Unter der Nummer 41 und mit der Datierung „St. Petersburg 1/13 Febr: 1808“ trug Neukomm die chronologisch letzte seiner vier in Russland entstandenen „Fantaisies à grand Orchester“ in sein handschriftliches Werkverzeichnis ein. Die Datumsangabe „1/13 Febr:“ meint nicht etwa den Zeitraum der Entstehung, sondern ist als alternative Datierung nach dem in Russland bis 1917 gültigen julianischen Kalender einerseits und nach dem in West- und Mitteleuropa geltenden gregorianischen Kalender andererseits aufzufassen: Neukomm hatte das Werk also am 13.02.1808 heutiger Zeitrechnung vollendet, ein Datum, das durch die Datierung am Schluss der autographen Partitur bestätigt wird (Februar erscheint dort allerdings als „Hornung“).

Über Aufführungen des Werks ist nichts bekannt. Die Tatsache, dass Neukomm einen Stimmsatz hat erstellen lassen, den er offensichtlich mit sich geführt hat, lässt den Schluss zu, dass er für den Fall einer sich ergebenden Gelegenheit zur Aufführung vorbereitet sein wollte. Indes weist der Stimmsatz keinerlei Gebrauchsspuren auf, und die Existenz von unkorrigierten Fehlern (z.B. falsche Zahlenangaben bei Mehrtaktpausen) lassen den Schluss zu, dass aus dem Stimmsatz nie gespielt wurde.

Die B-Dur-Fantasie ist – im großformalen Umriss – wesentlich weniger komplex als die d-Moll-Fantasie und steht darin den Fantasien in C-Dur NV 25 und c-Moll NV 37 nahe. Sie besteht aus einem ausgedehnten Larghetto, dem unter Verwendung derselben motivischen Substanz ein Allegro non troppo folgt. Überhaupt scheint es Neukomms Bestreben in diesem Werk gewesen zu sein, der motivischen Substanz eines kurzen Themas, das erstmals gleich nach zweimaligem Erklingen einer Kadenz zur Befestigung der Grundtonart im Larghetto-Teil exponiert wird (in der Oboe), durch Änderungen in der Harmonik, der Instrumentation, des Tempos, der Phrasierung usw. sowie durch Fragmentierung und Abspaltungen so viele Facetten abzugewinnen, dass es den Zusammenhang eines Werkes von knapp viertelstündiger Dauer gewährleisten kann. 

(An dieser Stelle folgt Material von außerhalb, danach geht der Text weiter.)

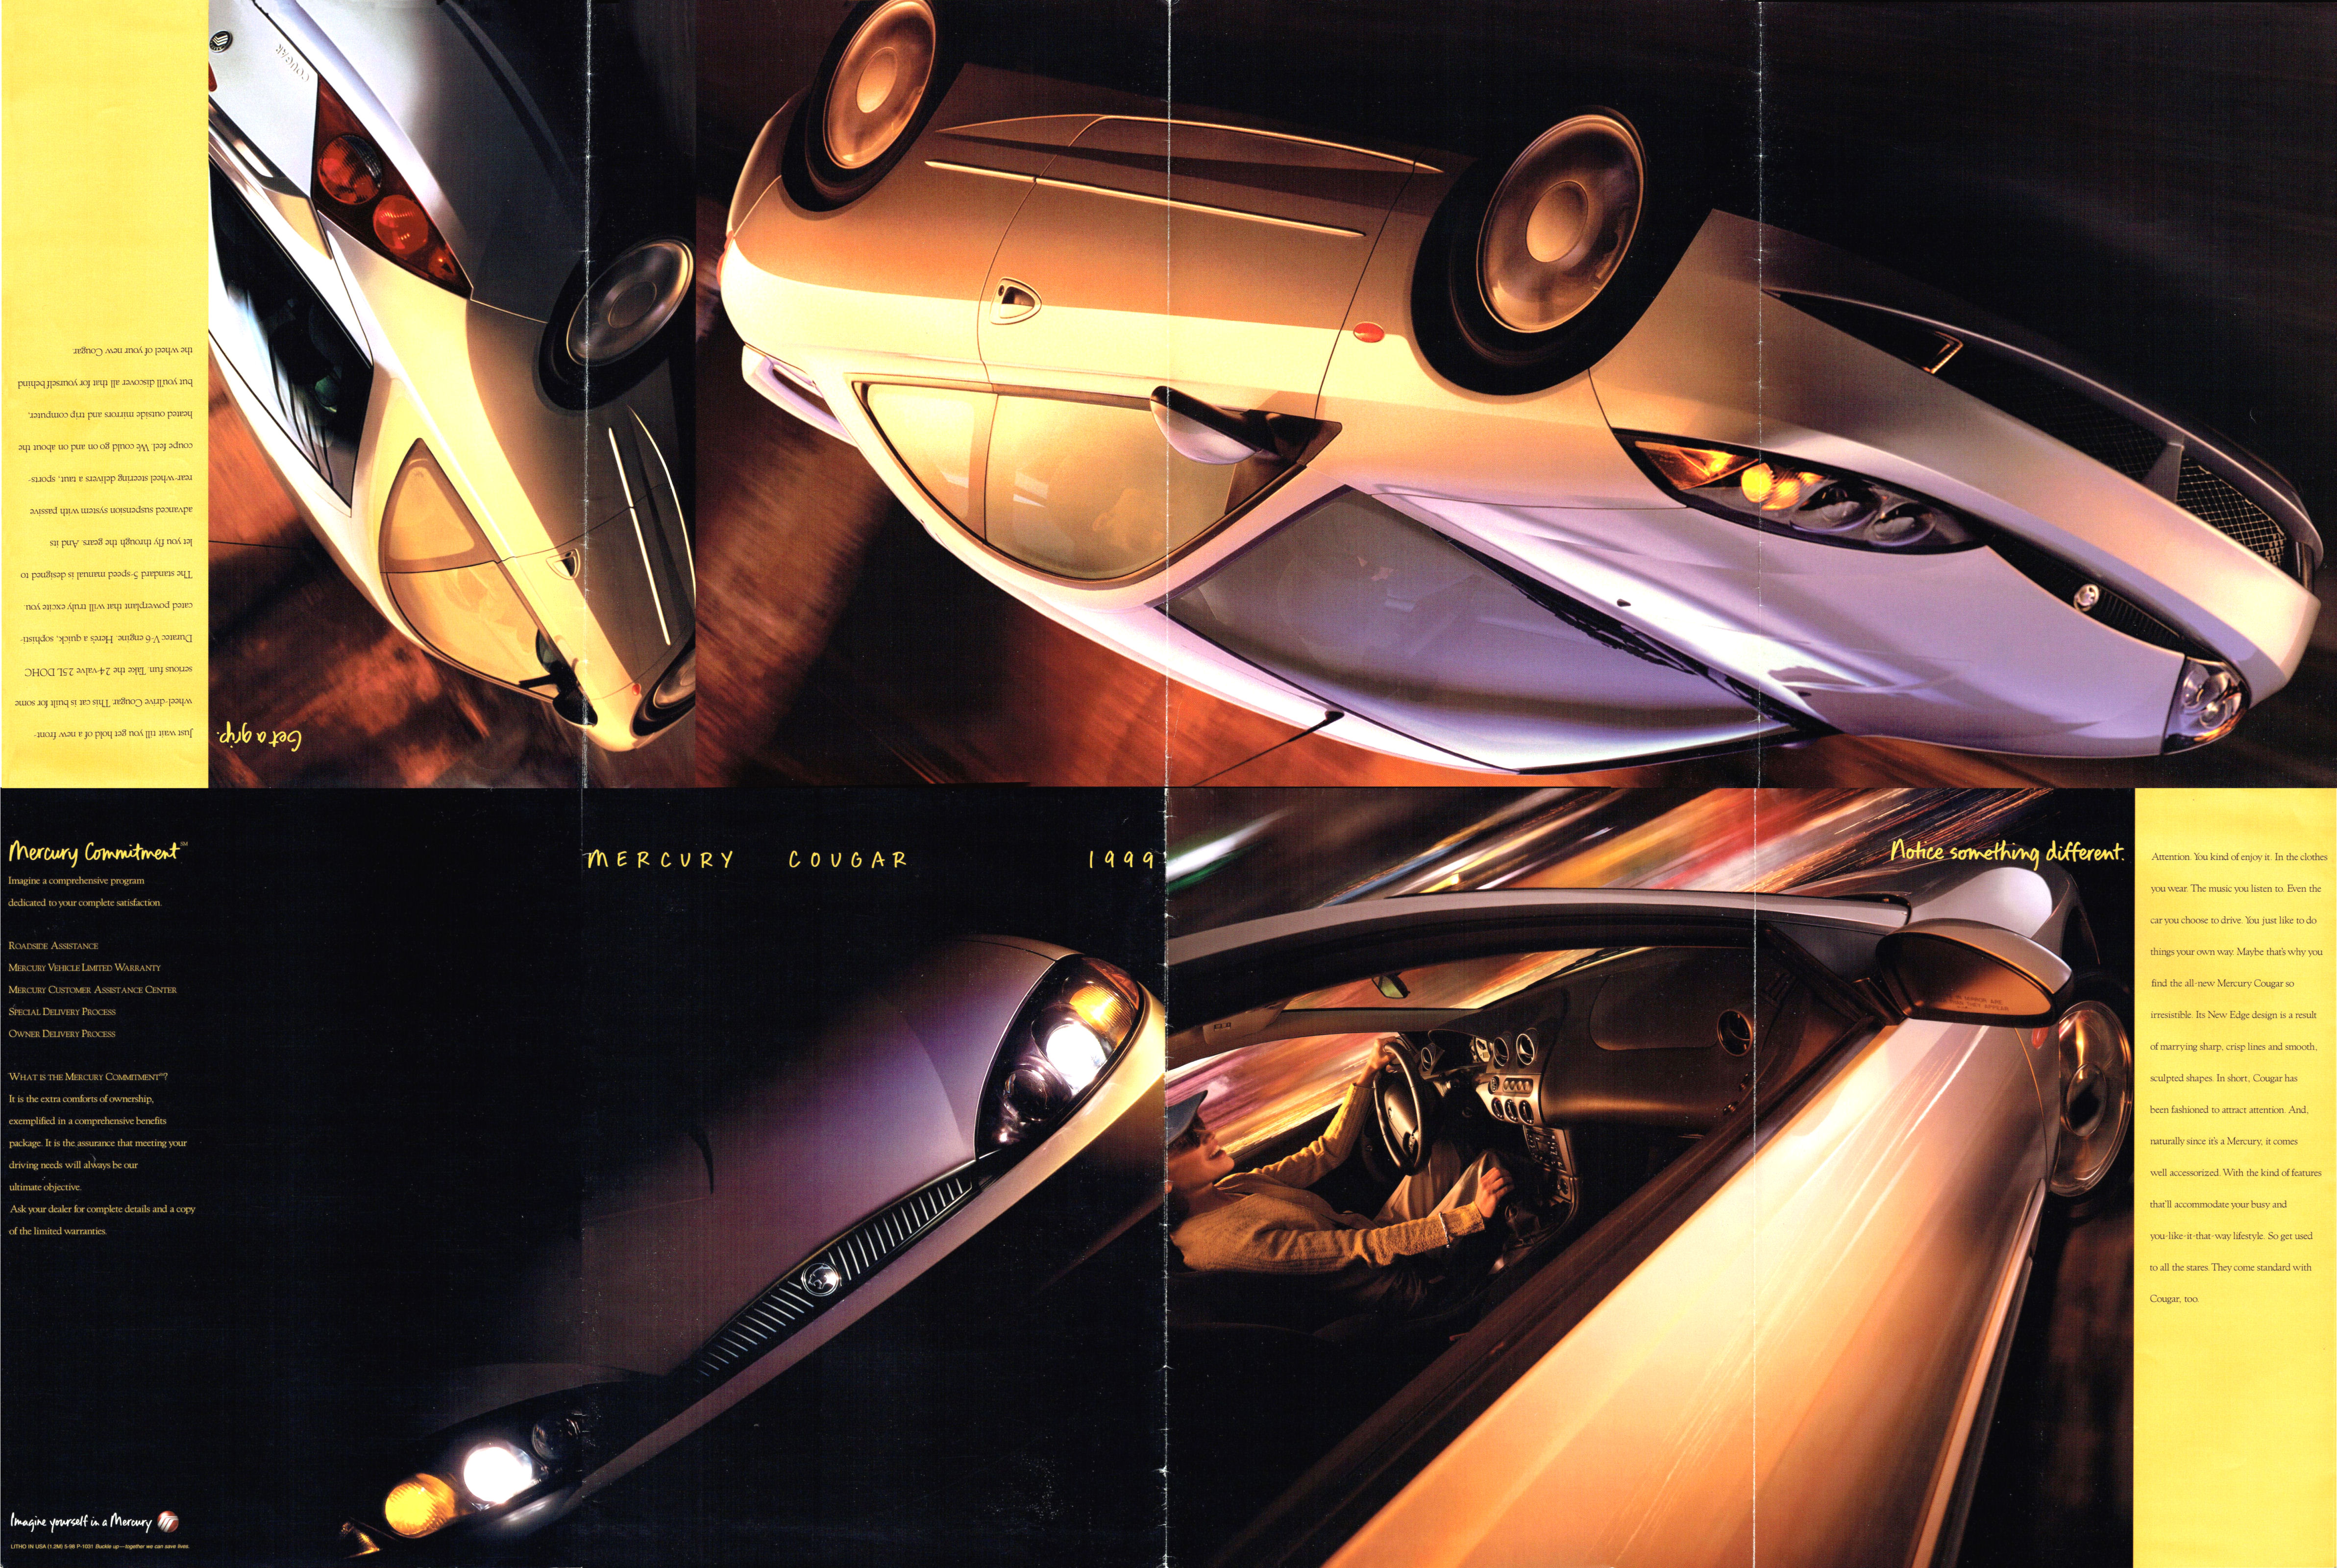 1999 Mercury Cougar Foldout-Side A

Als komplementäre musikalische Geste gesellt sich das scharf punktierte Unisono vom Beginn sowie daraus abgeleitete punktierte Akkordbrechungen, deren zumeist in den Streichern erfolgende Wiederkehr die formalen Bezugspunkte des Werkes markiert. Der weitere Verlauf des Larghetto ergeht sich in durchführungsartigen Partien unter Verwendung des punktierten Einleitungsmotivs sowie Verarbeitungen des Hauptthemas . 

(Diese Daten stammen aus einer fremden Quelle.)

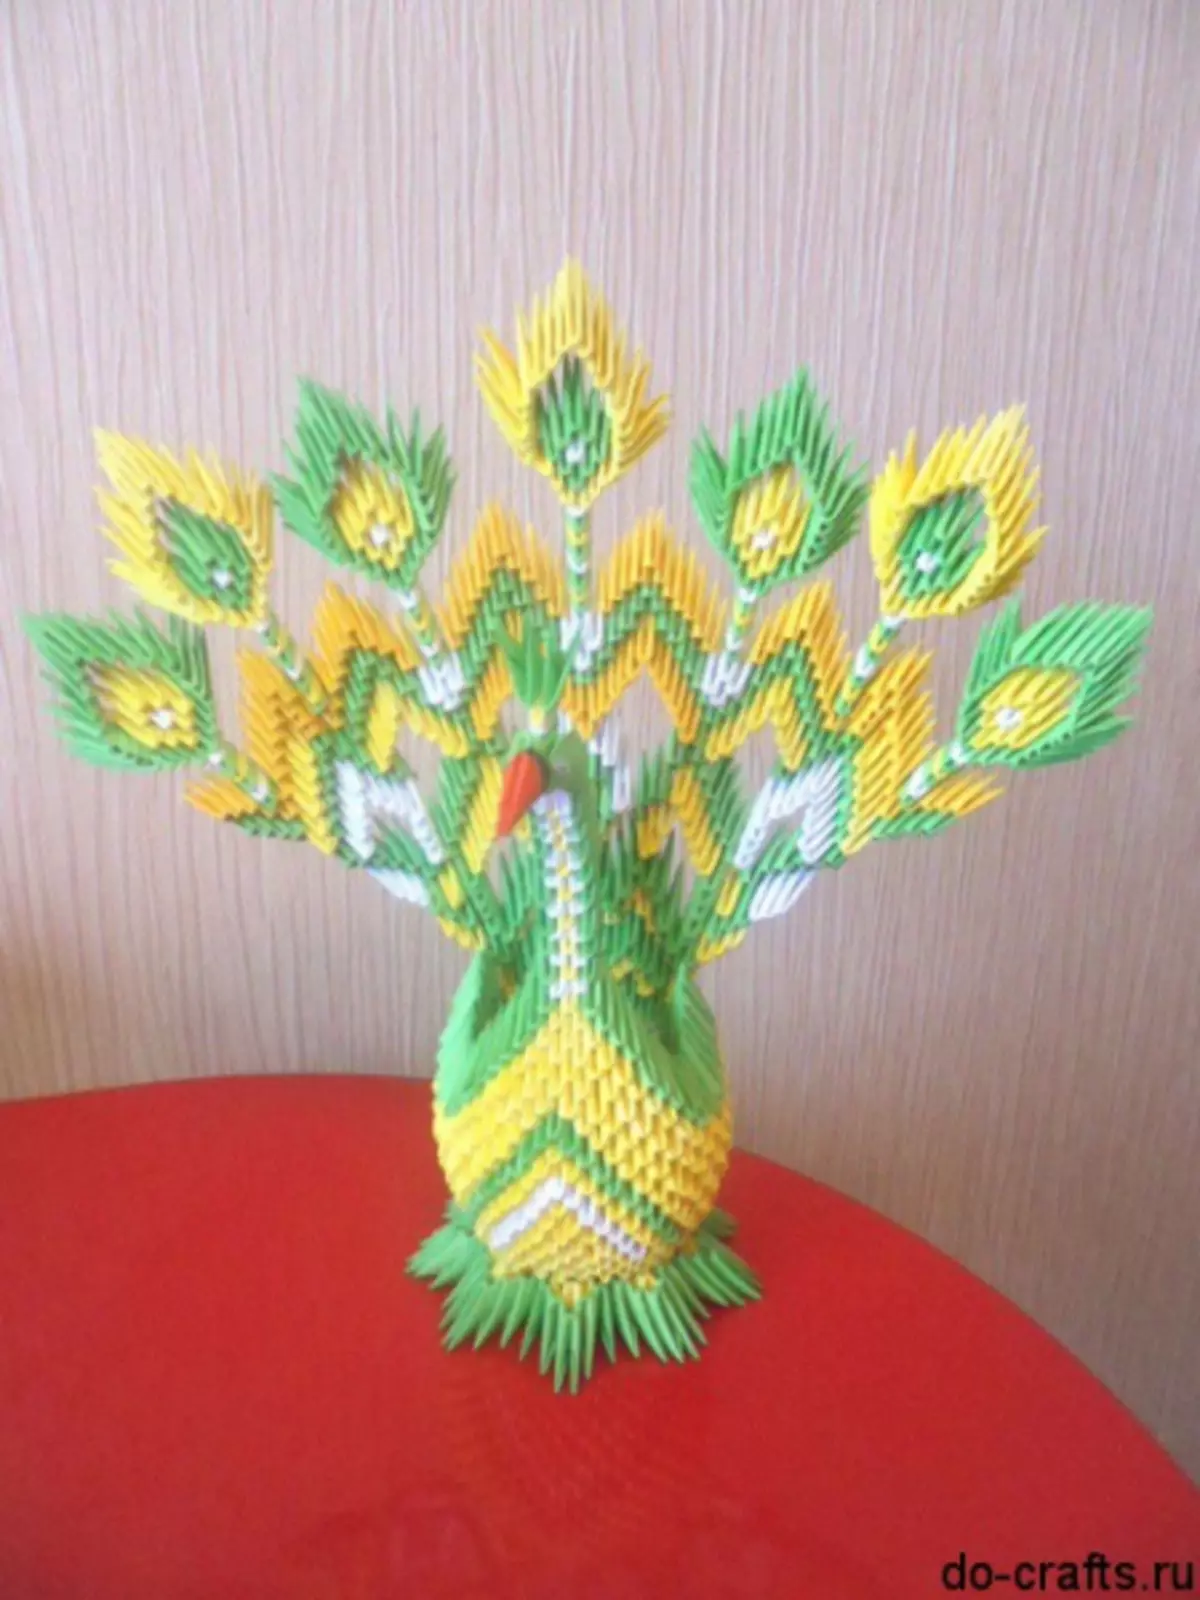 Modularni origami: paun, master klasa sa skupštinom i videozapisom

Der Allegro-Teil (B-Dur) beginnt mit dem aus dem kadenzierenden Anfangsmaterial abgeleiteten punktierten Dreiklangsmotiv, das aber bald im Wechsel mit Fragmenten des Hauptmotivs erklingt. Ein Seitensatzbereich in der Dominanttonart F-Dur beginnt ebenfalls mit dem Hauptmotiv; die Exposition (wenn man diesen Teil so nenn darf, denn das gesamte Material war ja schon im Larghetto-Teil exponiert worden) wird durch ein Orchester-Tutti unter Verwendung des punktierten Dreiklangmotivs abgeschlossen.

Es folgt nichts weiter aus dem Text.